# Homework Help: Interpreting derivatives at a point

1. Dec 16, 2015

### musicgold

1. The problem statement, all variables and given/known data
How should I interpret the derivative of the following function at C=6%
$N = \frac {I} {C} - D$

2. Relevant equations
$\frac {dN} {dC} = \frac {-I} {C^2}$

At I =12 and C=6%, I am getting
$\frac {dN} {dC} = 3,333$

I am not sure what to make of this large number. I want to be able to say for every 1/100th increase in C, N changes by X dollars, or something like that. The following document, for example, shows one such example.
http://pblpathways.com/calc/C11_3_4.pdf

How can I interpret the 3,333 figure?

2. Dec 16, 2015

### Ray Vickson

You can think of $dN/dC = -3,333.333...$ (not +3,333) as the rate of change in $N$ per unit change in $C$. In other words, if you were to increase $C$ from $0.06 = 6 \%$ to $.06+1 = 1.06 = 106 \%$, $N$ would be expected to undergo a large decrease.

3. Dec 16, 2015

### musicgold

Thanks Ray.
I am confused. Let's say, originally I =12, C=6%, and D=75
As per the first equation N =125
Now If I changed C from 6% to 106%, N would be -64. Not sure how that change is related to -3,333.

4. Dec 16, 2015

### Ray Vickson

I said the change would be expected to be large; I did not say it would be exactly -3333.3333. The $r = -3333.333$ figure is a rate, which means that for small $\Delta C$ the change in $N$ will be approximately $r \Delta C$. However, the rate varies nonlinearly with $C$, so you cannot expect to be able to apply that rate over an interval that is not "small". You can still expect the result to be large, however.

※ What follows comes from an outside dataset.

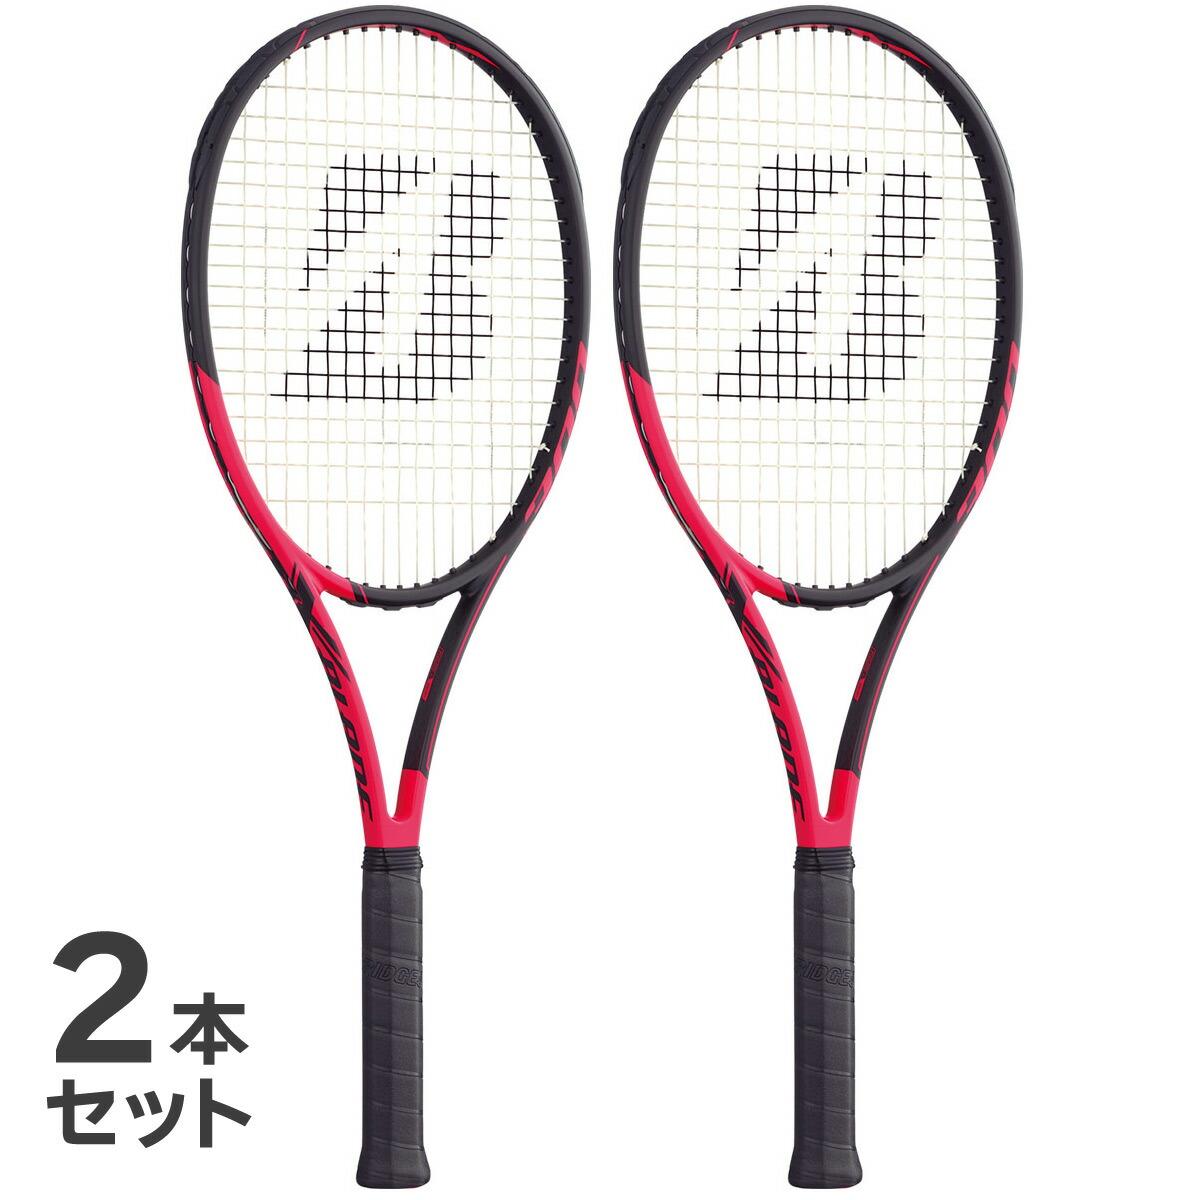 【2本セット】ブリヂストン BRIDGESTONE 硬式テニスラケット X-BLADE BX 300 エックスブレード ビーエックス 300 BRABX2 【Tシャツ&サコッシュプレゼント】

To clarify: if you change $C$ from 6% to 6.1%, you are changing $C$ from 0.6 to .061, so $\Delta C = 0.01$. You would estimate the change in $N$ as approximately $-3,333.3333 \times 0.001 \doteq -3.333$. This is not too far from the actual change of $-3.279$.

The point (which you seem to have missed) is that the large value of the derivative is "misleading" in a way, and has to do with the units you are choosing (percent instead of the actual, numerial value).

5. Dec 16, 2015

### musicgold

Thanks Ray. Now I get the most of it.
I still however not clear on the 'misleading' part. I tried to manually calculate the change required in C to get -3,333 times decline in N, but couldn't find it.

If a 0.001 increase in C results in a 3.3 decline in N, what change in C would result in a 3,333 decline in N?

I also looked at this problem using different numbers, for example I=10,000, C=200.
n this case $\frac {dN} {dC} = -2.5$

So we can interpret that if C changes from 200 to 201, N would decline by 2.5, which makes sense. I am not sure how to interpret the answer for the original problem.

Last edited: Dec 16, 2015
6. Dec 16, 2015

### WWGD

Problem is that the rate of change is a local characteristic, although the rate may be a good approximation in a small neighborhood of the point (unless you have a linear function, in which case the rate of the change is constant). Still, for this approximation you can solve for DC/DN = -3,333.

7. Dec 16, 2015

### Ray Vickson

No increase in $C$ can lead to a 3,333 decrease in $N$. Plot the graph of $N = 12/C$ for $C > 0$ to see why.

8. Dec 16, 2015

### musicgold

Did you mean C < 0 ?
When I use less than 0 values, I get -ve N values.

9. Dec 16, 2015

### musicgold

Thanks WWGD
I am not sure what you mean here. Can you please explain a bit more?
Thanks.

10. Dec 16, 2015

### Staff: Mentor

If C > 0 but close to zero, a very small change in C leads to very large decrease in N.

I'm pretty sure Ray did not mean C < 0.

11. Dec 16, 2015

### Ray Vickson

No, I did not mean C < 0. We start from C = 0.06, and then look at increases (as I clearly stated). You will never get C < 0 that way.

Anyway, if we look at decreases (down from C = 0.06) the derivative predicts a large rate of increase in N. This will keep happening until the system goes crazy by passing through $C = 0$ and encountering singularities.